• _ASSIGNMENT_
Pictures in the data should be dropped; transcribe exactly the lines from the one that has "Fuzzbuzz | Fuzzbuzz" through the one that has "Nancencen Compatible With".

• _DATA LISTING_
# # # # # # #

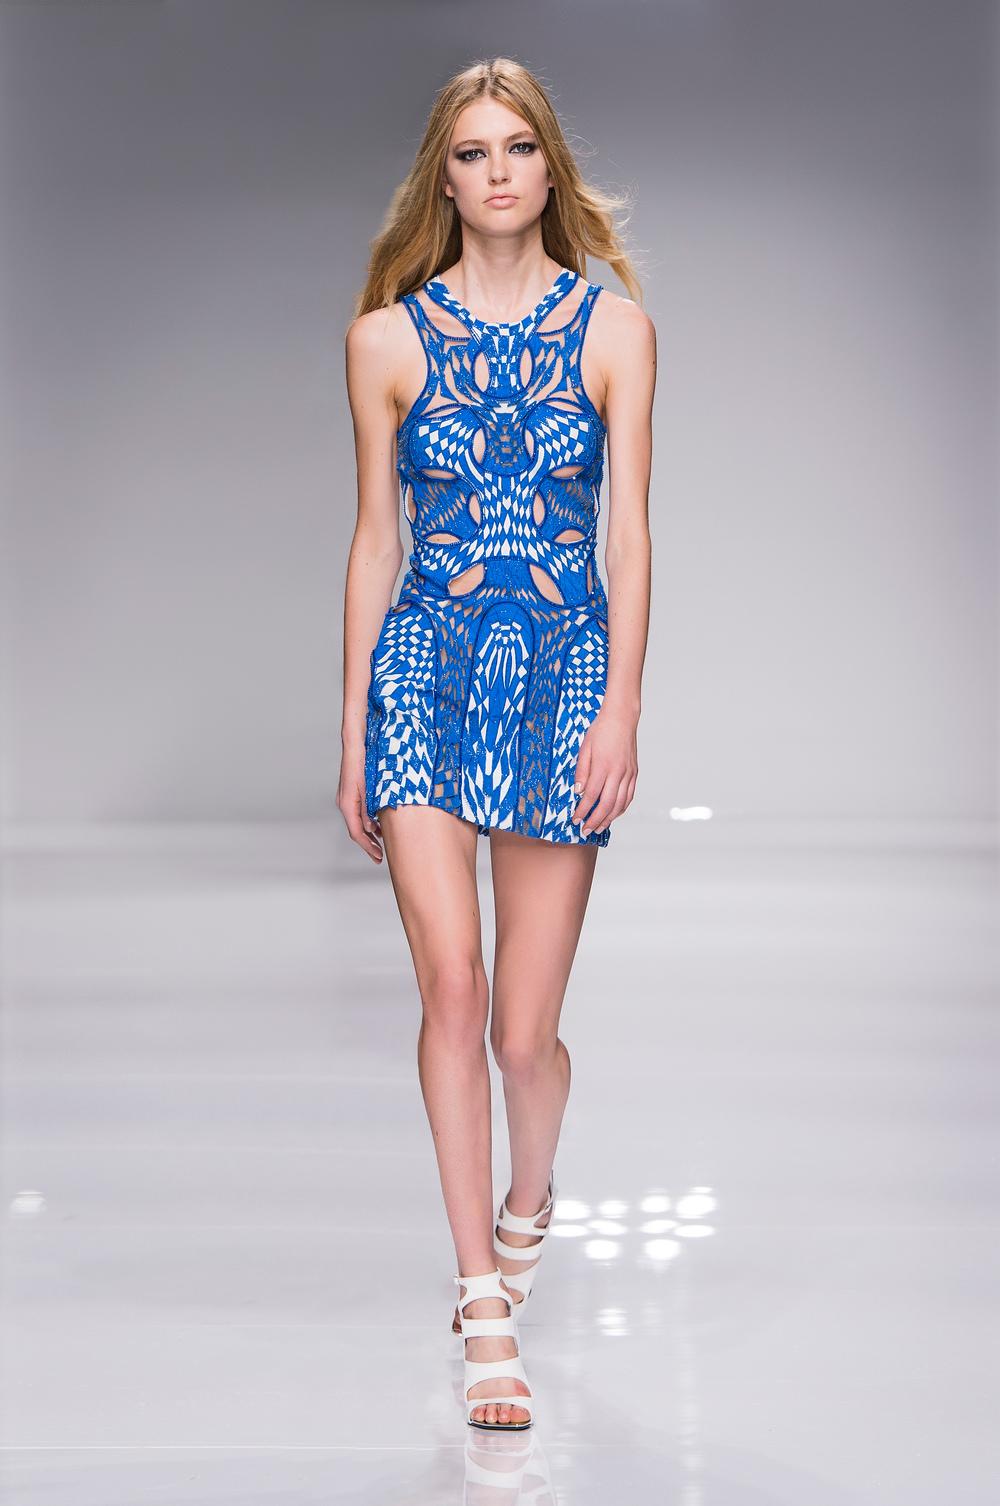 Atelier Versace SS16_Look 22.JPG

# # # # # # #

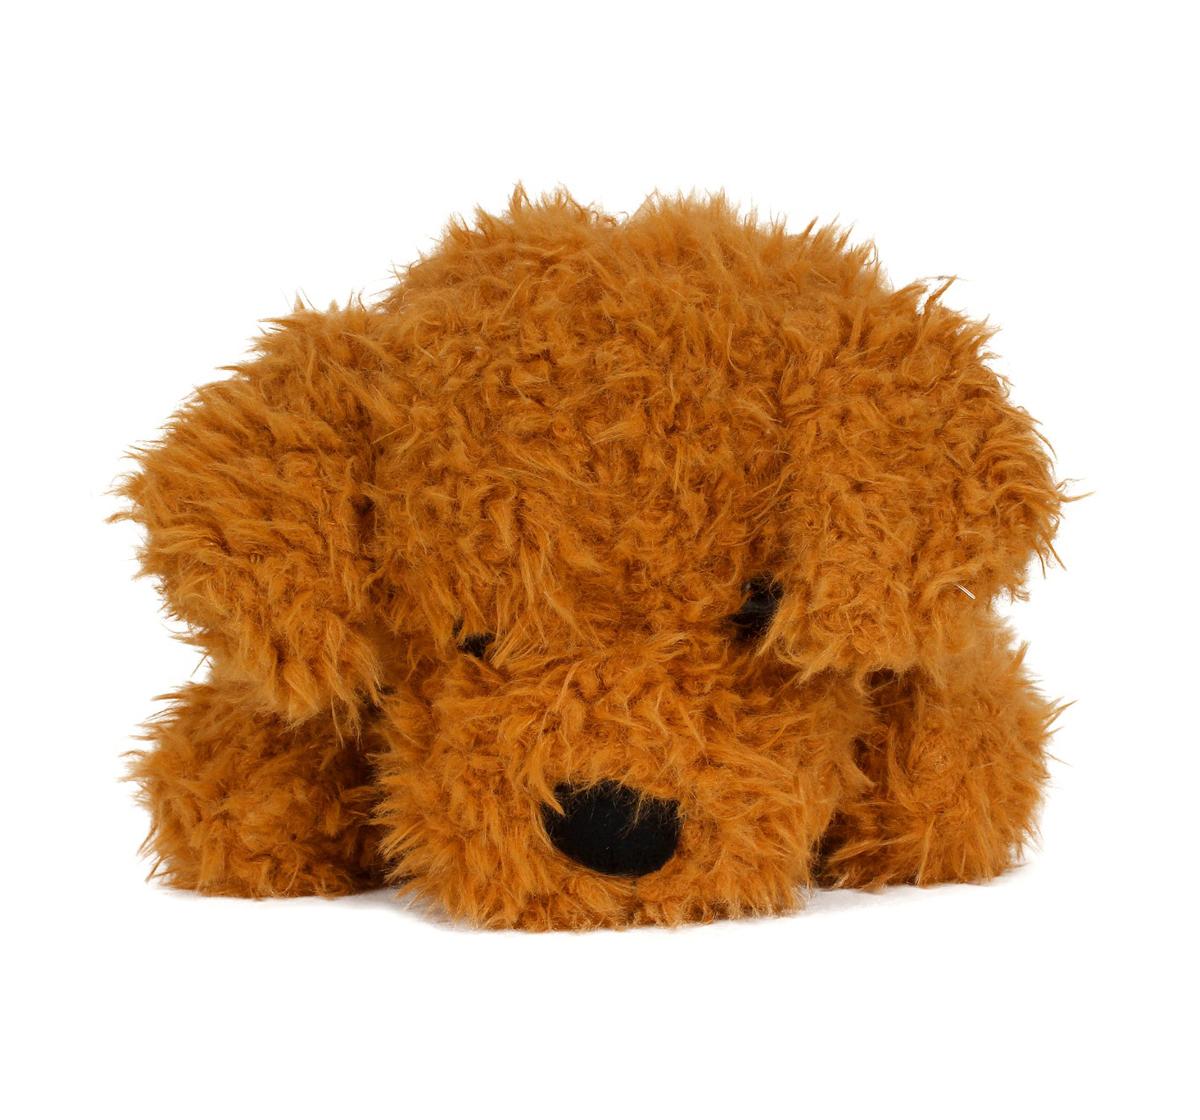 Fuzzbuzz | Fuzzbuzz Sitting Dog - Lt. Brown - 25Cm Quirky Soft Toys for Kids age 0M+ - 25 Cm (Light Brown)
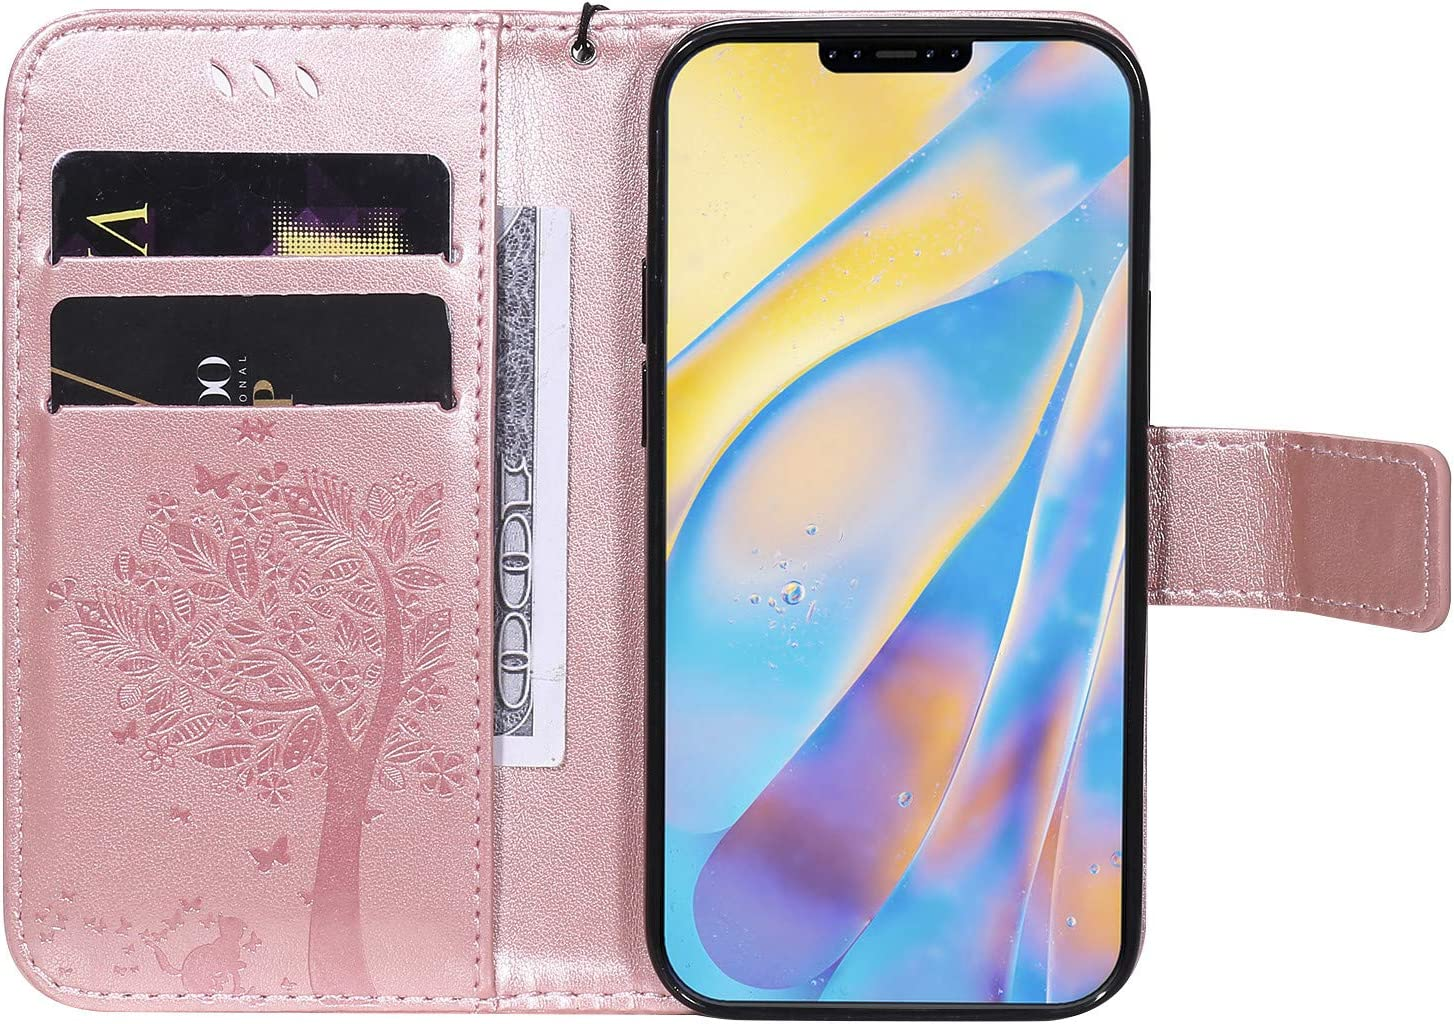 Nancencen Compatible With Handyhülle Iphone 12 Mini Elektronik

# # # # # # #

• _SOLUTION FOR THIS TASK_
 Fuzzbuzz | Fuzzbuzz Sitting Dog - Lt. Brown - 25Cm Quirky Soft Toys for Kids age 0M+ - 25 Cm (Light Brown)
 Nancencen Compatible With Handyhülle Iphone 12 Mini Elektronik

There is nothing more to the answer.